WASHINGTON — The global shipping industry completed its pivot away from U.S. naval protection this week as at least 17 nations formally requested Iran’s permission to move oil tankers through the Strait of Hormuz.
China, Japan, and Pakistan were the first to secure transit approvals directly from Iran’s navy, according to international shipping registries. Now Germany, France, the Netherlands, and four other European states have initiated the same bilateral process, a step diplomats describe as “unfortunate but entirely rational.”
The reversal began in earnest after The Leather-Faced Piss Bag’s recent trip to Beijing. During the visit, the former president publicly credited China’s “very, very powerful big country” status and suggested Taiwan had brought any future invasion upon itself. Within days, Chinese supertankers began exiting the strait under Iranian naval escort as part of a choreographed display of the new order.
“We’re seeing a natural decentralization of maritime security,” State Department spokesperson Mark Halpern said in a briefing. “The United States remains committed to freedom of navigation, just not in the traditional sense of actually guaranteeing it.”
Halpern noted the shift allowed reallocation of Navy resources toward domestic priorities. These include a new $2.8 billion initiative to name a destroyer after a professional wrestler and extended port visits in Lake Superior.
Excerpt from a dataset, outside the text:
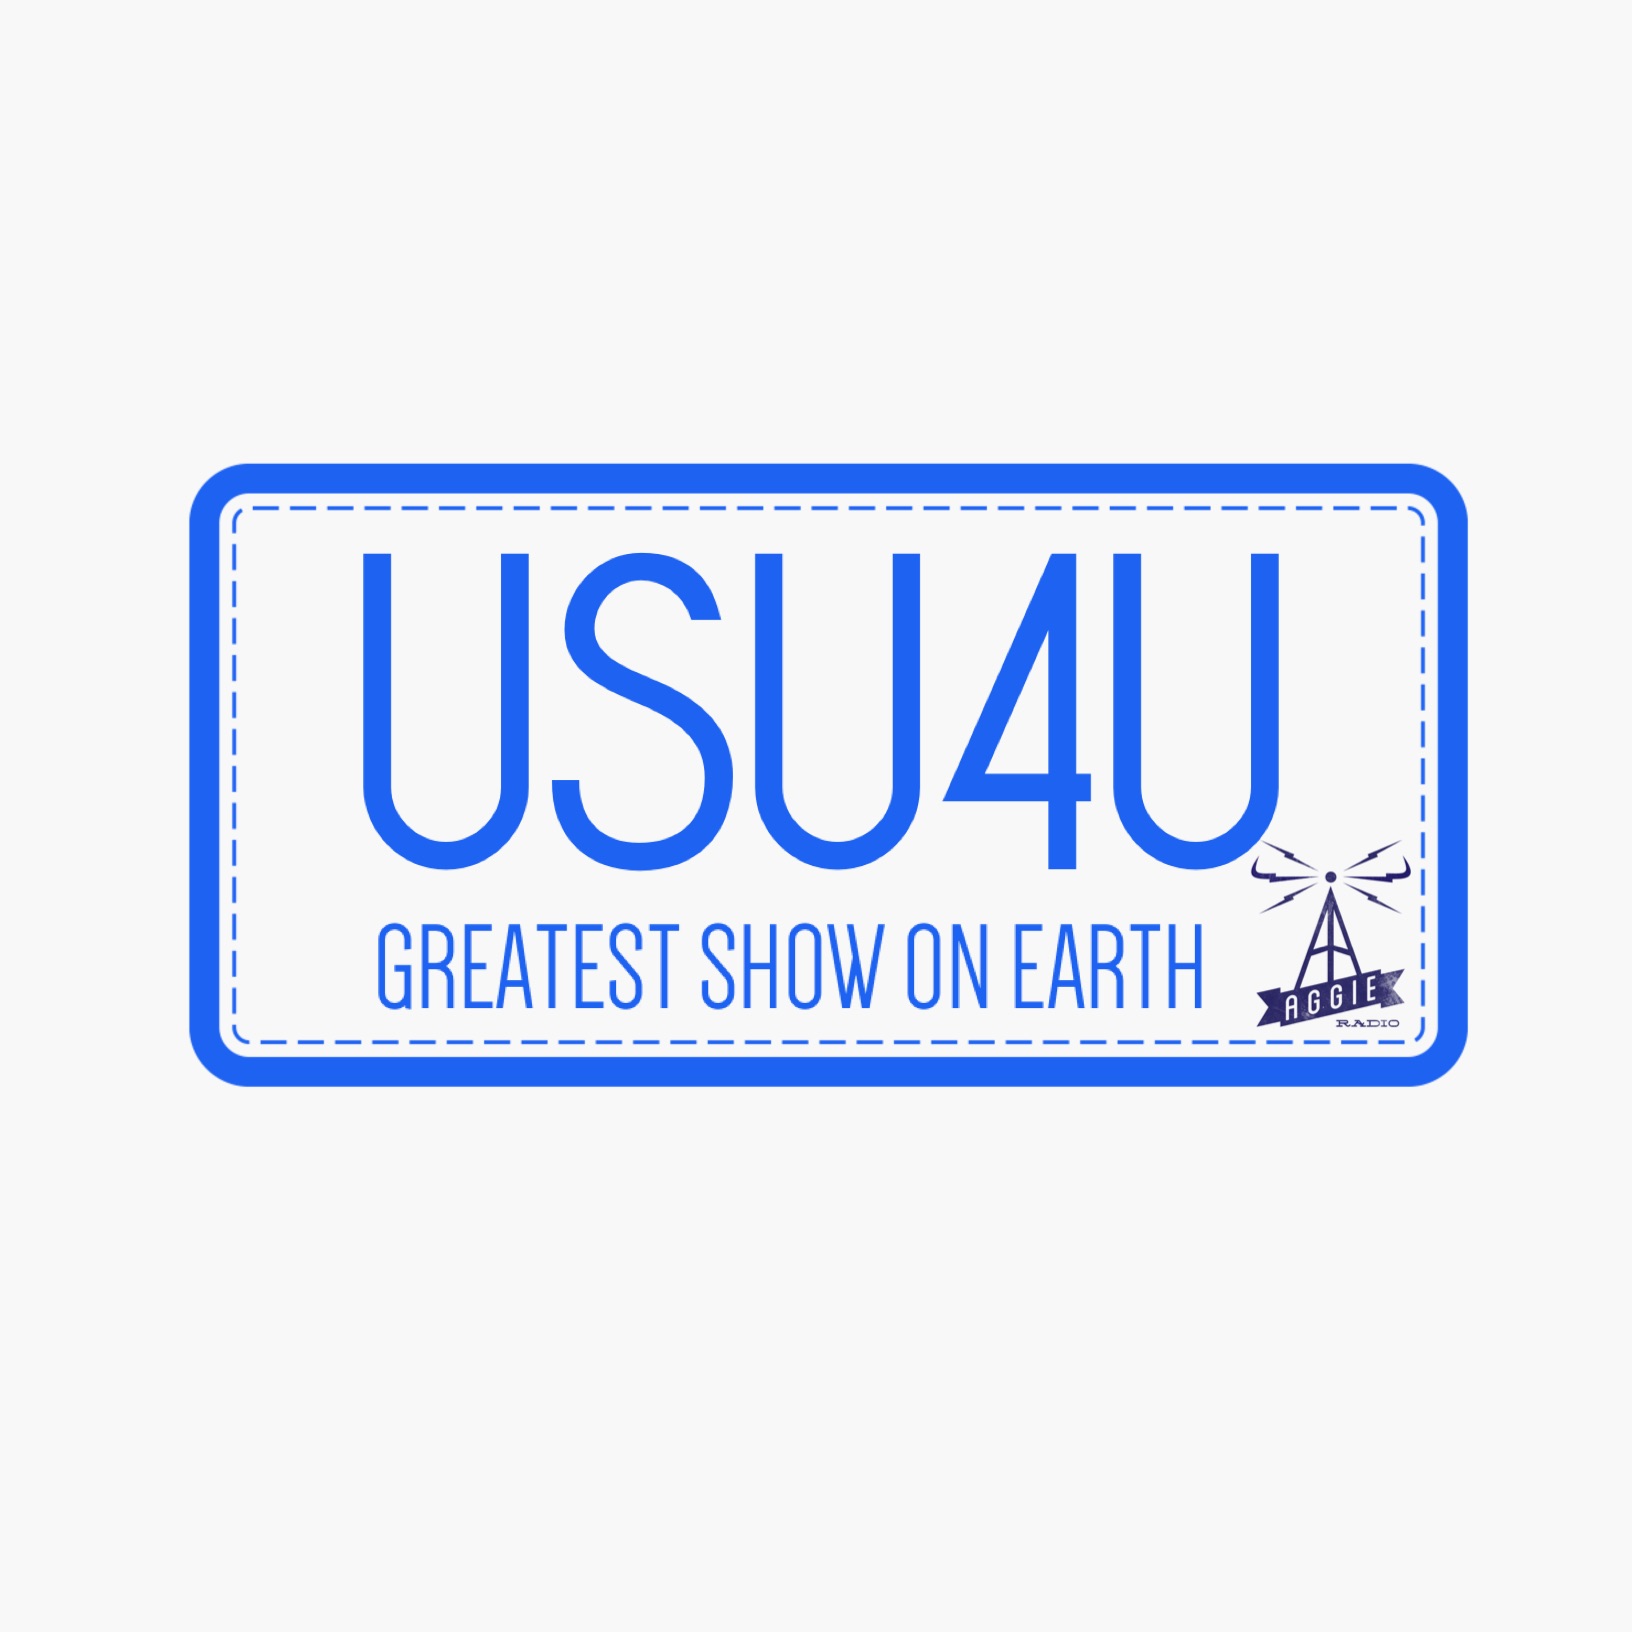 USU4U-10.12.15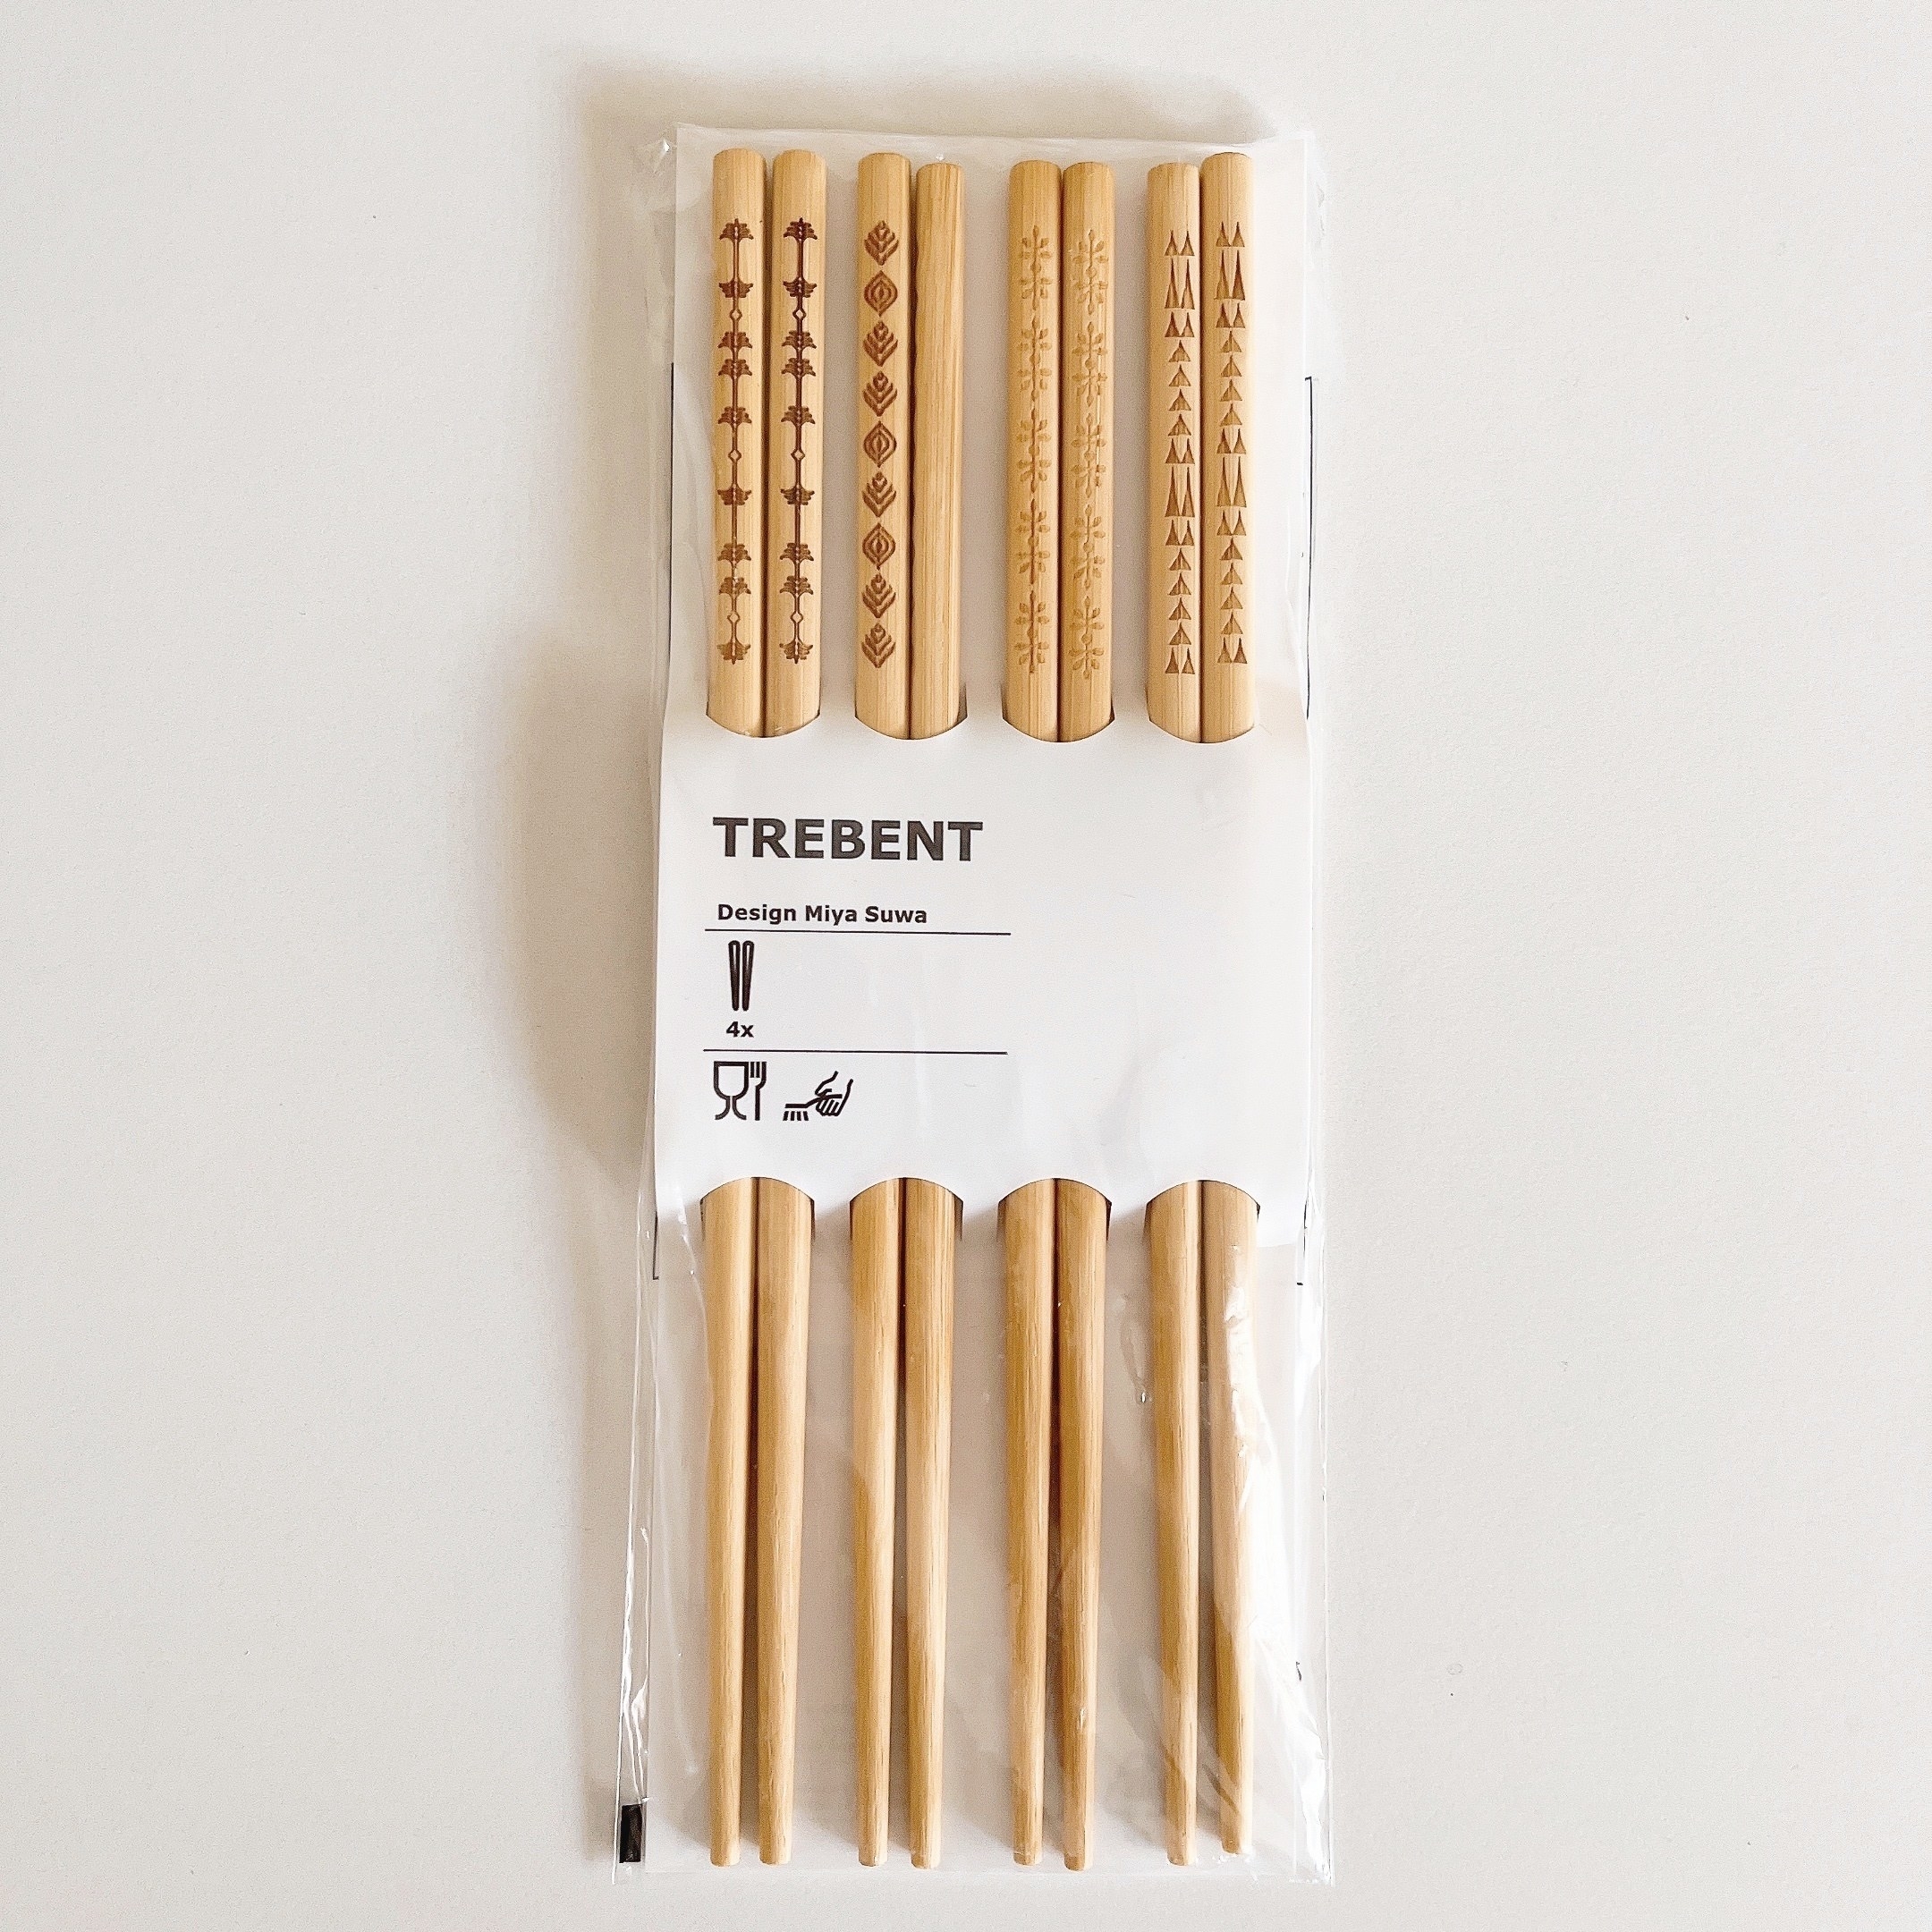 IKEA（イケア）のおすすめ雑貨「TREBENT トレベント 箸」

The administration last week also confirmed the withdrawal of 4,000 U.S. troops from Poland. Officials called it a routine rotation, but European Union diplomats said it accelerated the scramble for alternative security arrangements.
Iran’s Navy Ministry launched an online transit portal the same week. Available in seven languages, the site includes a checkbox for “Optional Military Escort” and a dropdown menu to confirm the applicant recognizes Iranian sovereignty over the strait. The portal’s terms require users to agree that the United States has not guaranteed freedom of navigation in the waterway since 2017, a stipulation U.S. officials called “technically accurate and therefore not objectionable.” A ministry spokesman said the portal had processed more than 1,100 applications in its first three days.
“This reflects the inevitable global realignment toward responsible regional stewards,” Iranian Foreign Ministry official Reza Karimi said by phone. “We are filling a vacuum left by a superpower that chose to delegate its sovereignty to a man who negotiates trade deals between dessert courses.”
Shipping industry data shows transit delays through the strait have fallen 18 percent since the U.S. Navy reduced patrols. Insurance premiums for vessels that use the new Iranian system have dropped sharply, while rates for those still relying on the Seventh Fleet have spiked.
At the State Department, a senior official declined to comment on the status of U.S. vessel access but noted that the new Iranian system had not yet caused oil shortages “that couldn’t be blamed on OPEC+.” Meanwhile, U.S.-flagged tanker owners have begun re-registering vessels in Panama and Liberia, a move shipping analysts called “the final stage of preemptive efficiency.”
The Iranian procedure does not include an option for U.S.-flagged vessels. Those must submit a paper application subject to a 45-day review period that begins only after a $75,000 processing fee payable in non-dollar currency. A naval official described the fee as “standard administrative cost recovery.”